Anderson was sitting there only partly because of his interest in civil rights. Proud though he was of his longtime identification with that cause, he was nonetheless less fervent about the cause itself than about the device that was being used, once again, to frustrate it. “I’m afraid I’m one of those senators who, coming from a state in which there were few Negroes, never quite acquired a passionate feeling about racial injustice,” he was to say. “My principal outrage” was rather against the filibuster, “which permitted a small body of men to obstruct the business of the Senate.” A man who, as Lyndon Johnson often commented, “didn’t like to lose,” his defeat by a southern filibuster during his term as Secretary of Agriculture had left him with a bad taste in his mouth, and his principal role as a member of the Douglas Group had been to lead three fights against Rule 22—all of which had ended in defeat. He had become somewhat obsessive about “extended debate” (“I took it as a personal challenge to break the challenge of the filibuster”), and he hated to think it was going to win again in 1957—and he saw it was going to, unless something was done. In addition, he had become, since his heart attack, somewhat obsessive about his health, and the two subjects had become linked in his mind: he felt that “I wouldn’t get a bit of rest that summer if we had to remain in Washington listening to an endless filibuster.” The Douglas Group’s most pragmatic and realistic member, one less ideological and more amenable to compromise than its other members, he was also a highly partisan one.

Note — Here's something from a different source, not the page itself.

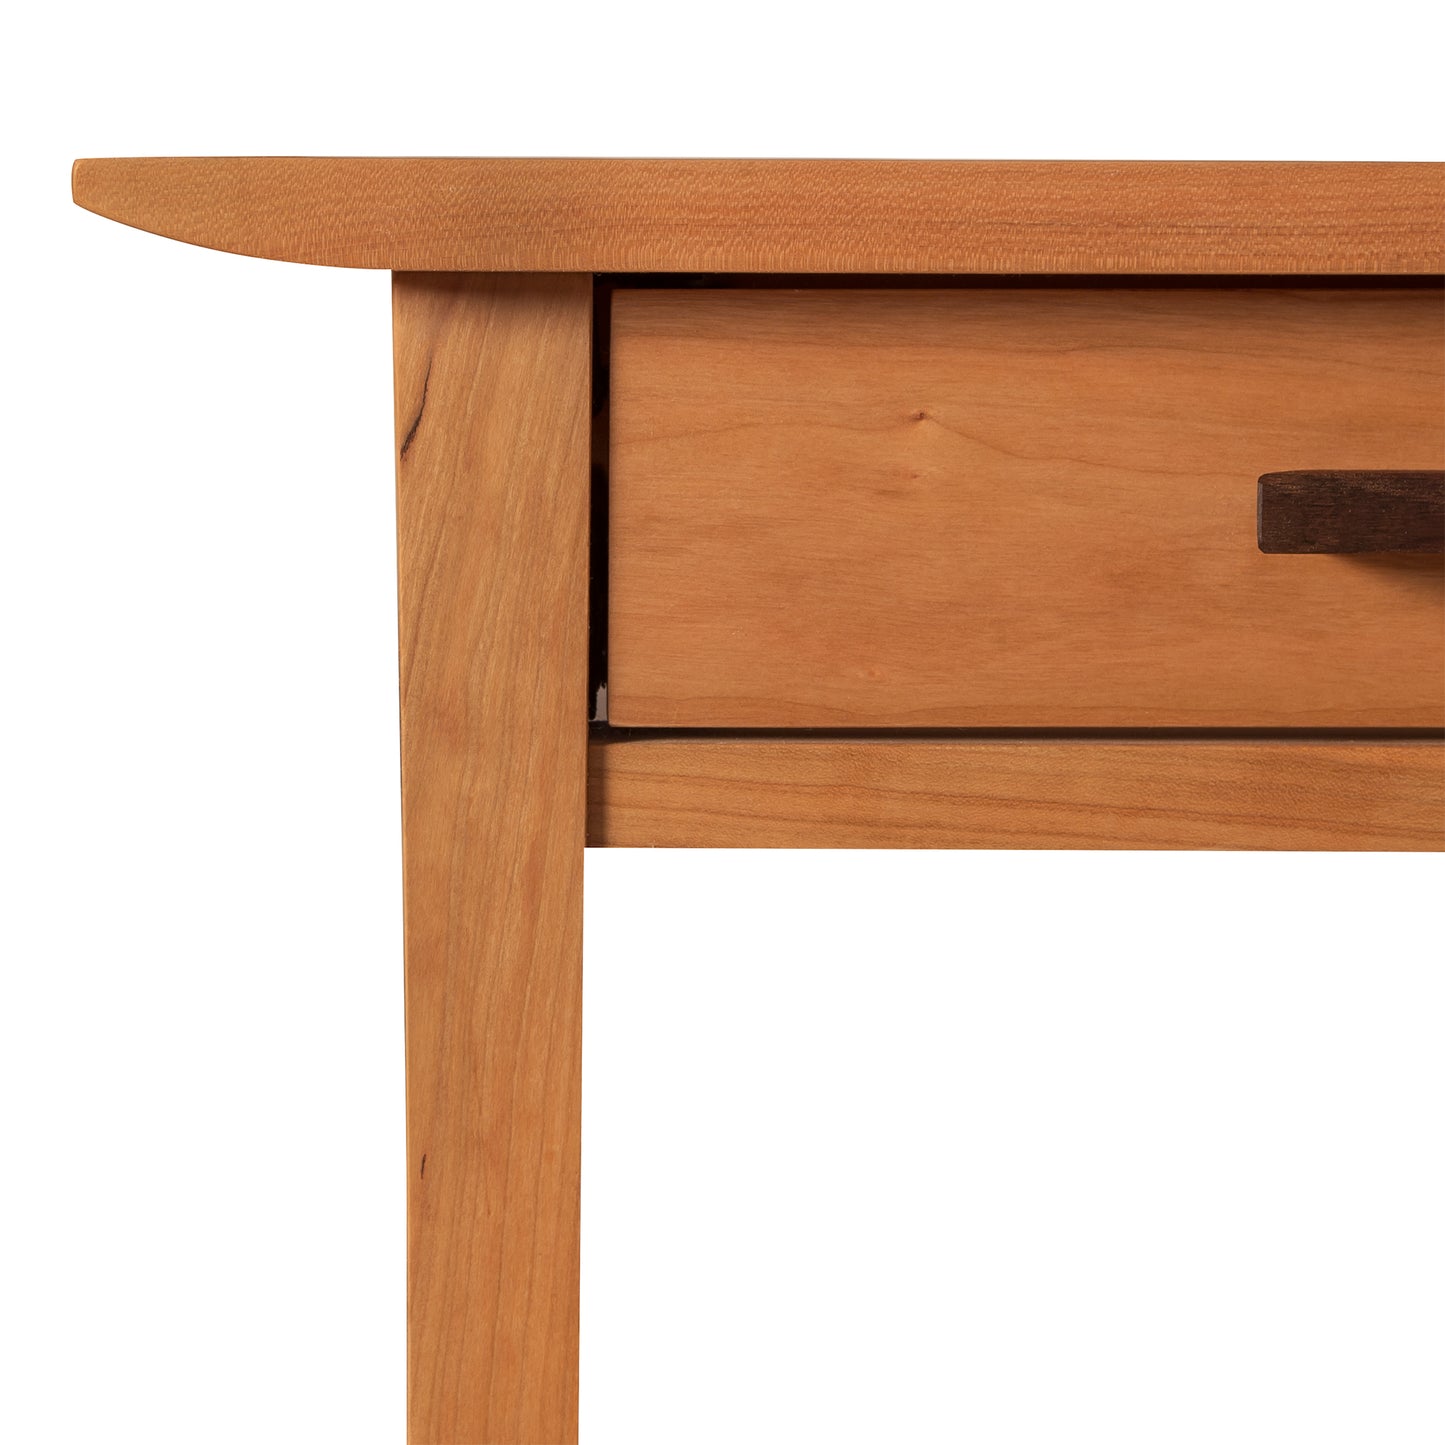 A small Vermont Furniture Designs wooden table with a drawer, featuring Contemporary Craftsman styling.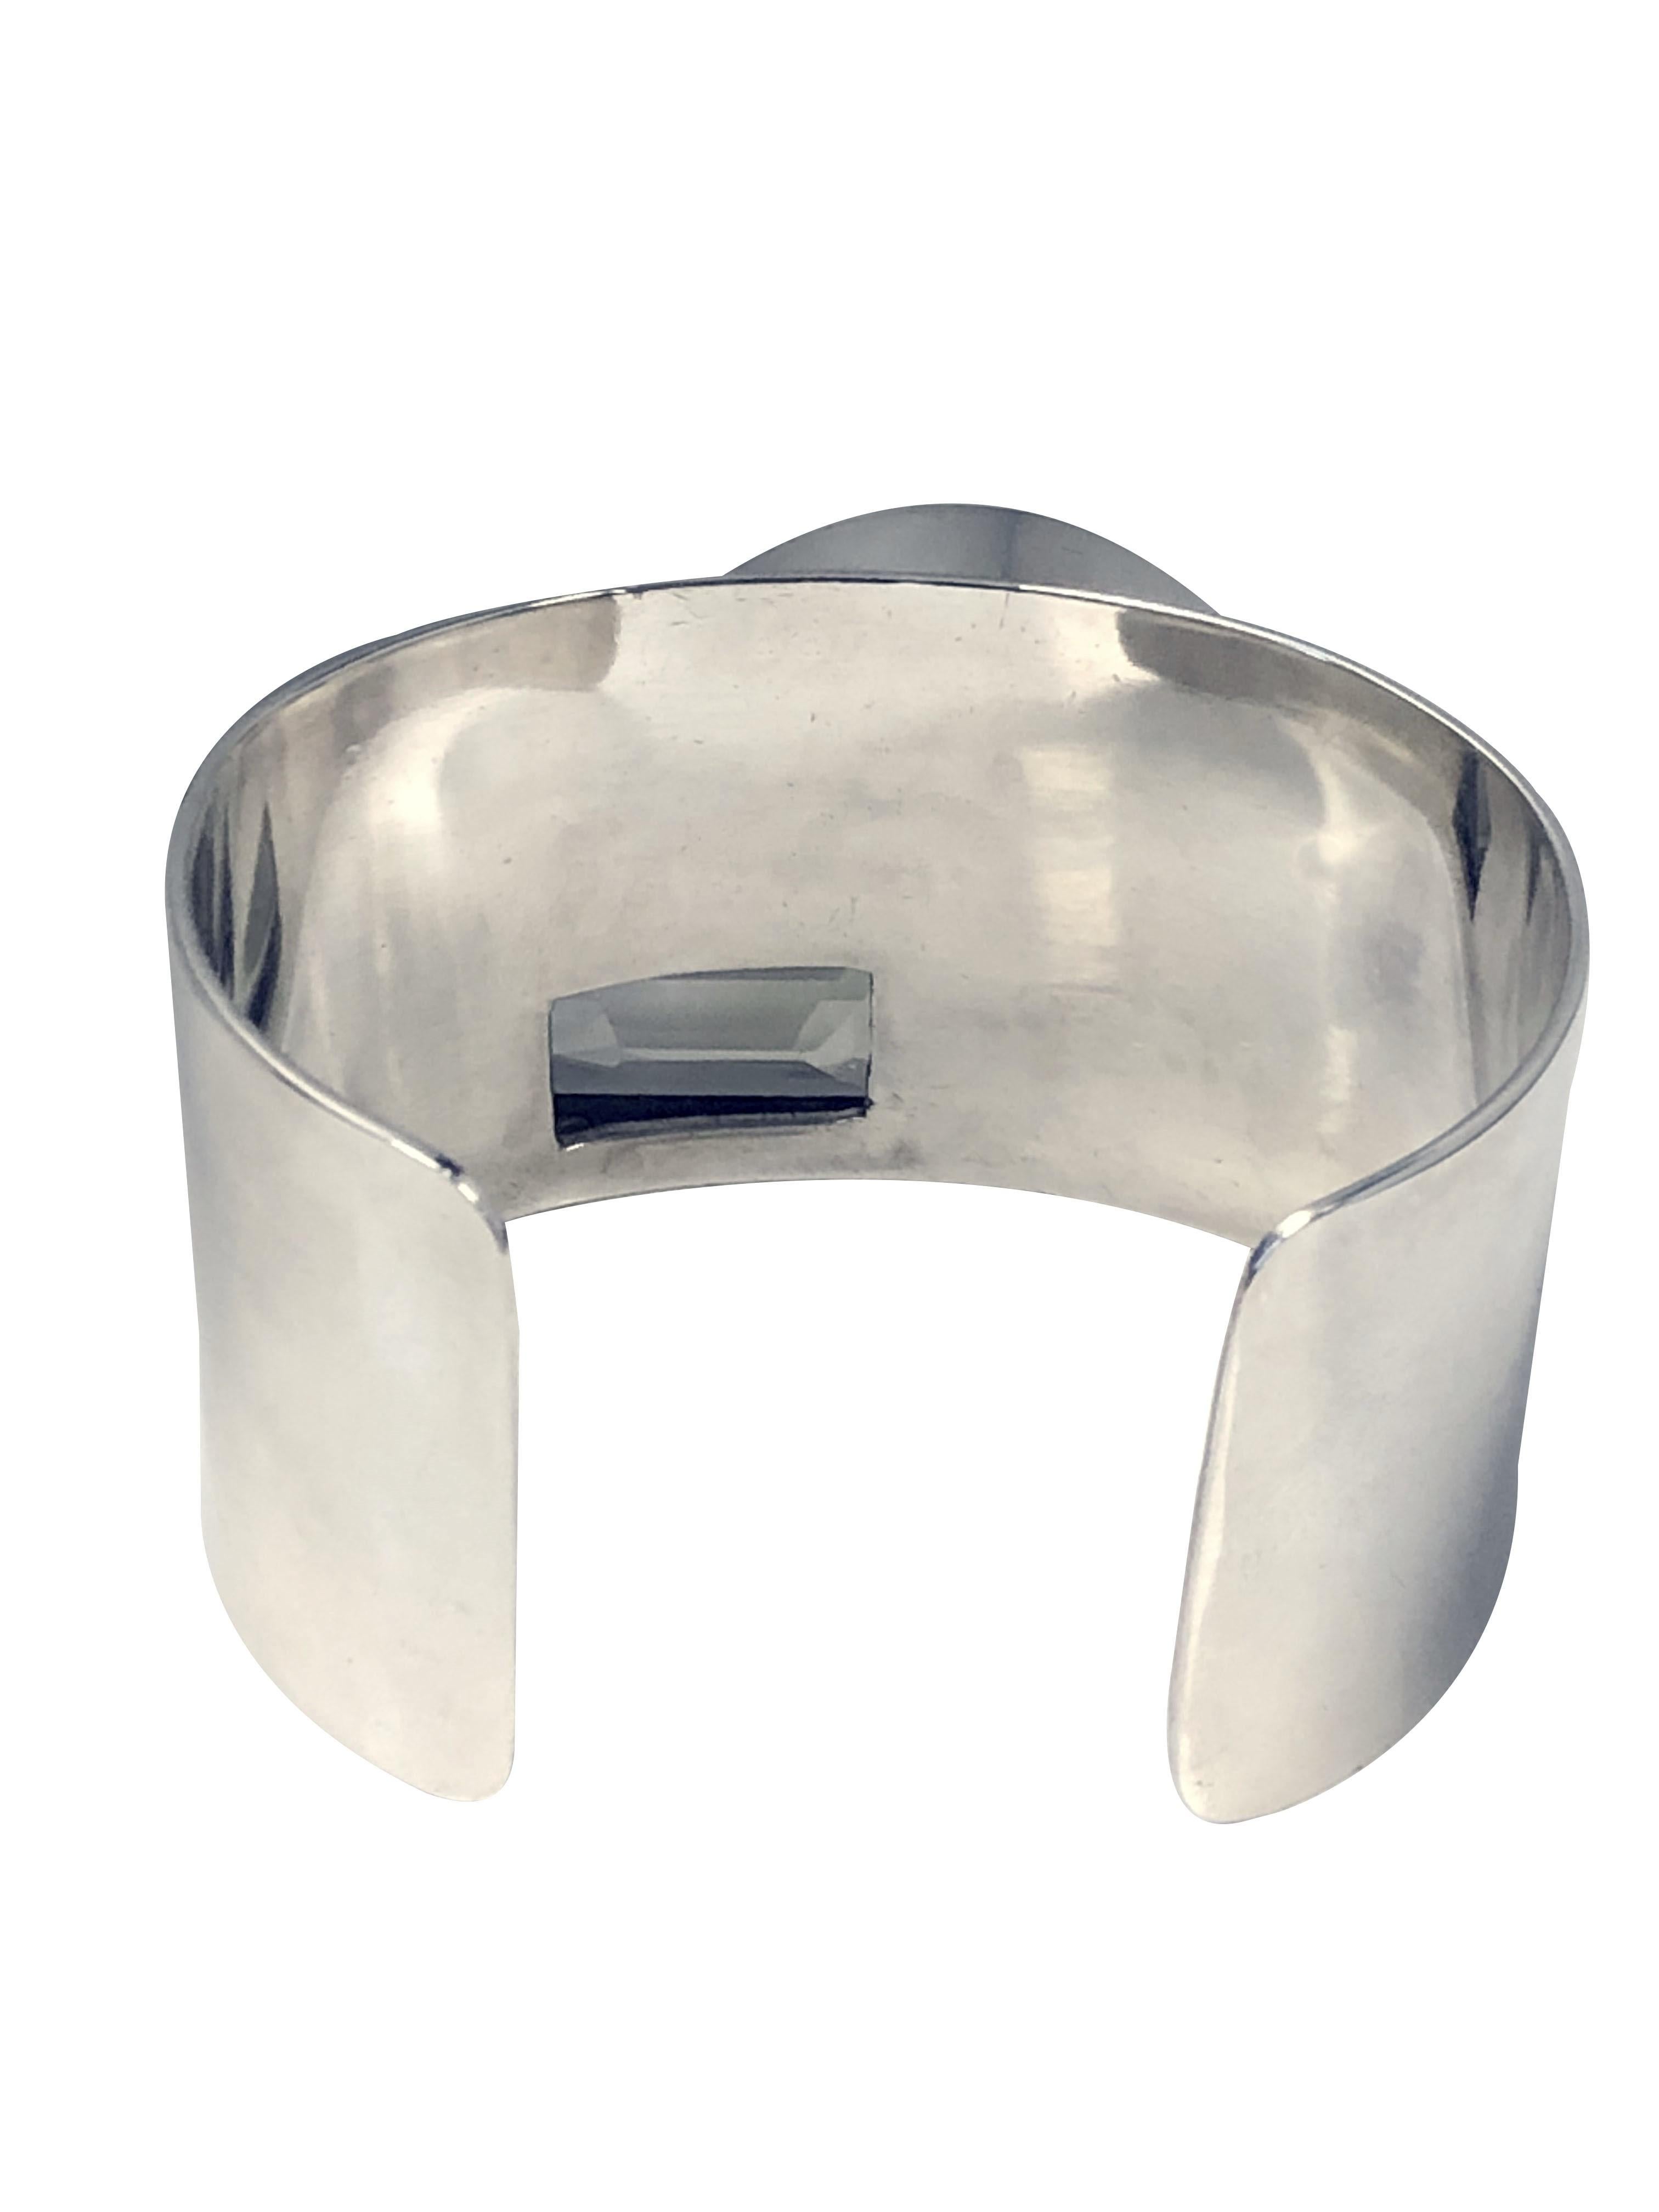 Circa 1980 M&J Savitt Mid Century Modern Style Sterling Silver Cuff Bracelet,  measuring 1 3/8 inches wide, 2 inches across the top and set with a step cut light Yellow Citrine. Nice Solid Gage Silver construction, Inside measurement of 6 1/2 inches

Other liberals might discuss the civil rights bill in terms of social reform; Anderson talked also in the language of a tough, practical politician passionately loyal to his party—and he saw clearly the danger to the party from a filibuster, and felt the Republican maneuvers were at least in part designed to provoke one. “Knowland seemed thoroughly willing to let the southerners filibuster the bill to death—an event
which would permit him to blame the Democrats for its defeat and permit the Republicans, in future elections, to pose as defenders of the American Negro,” he was to recall. “I had no intention of letting” that happen.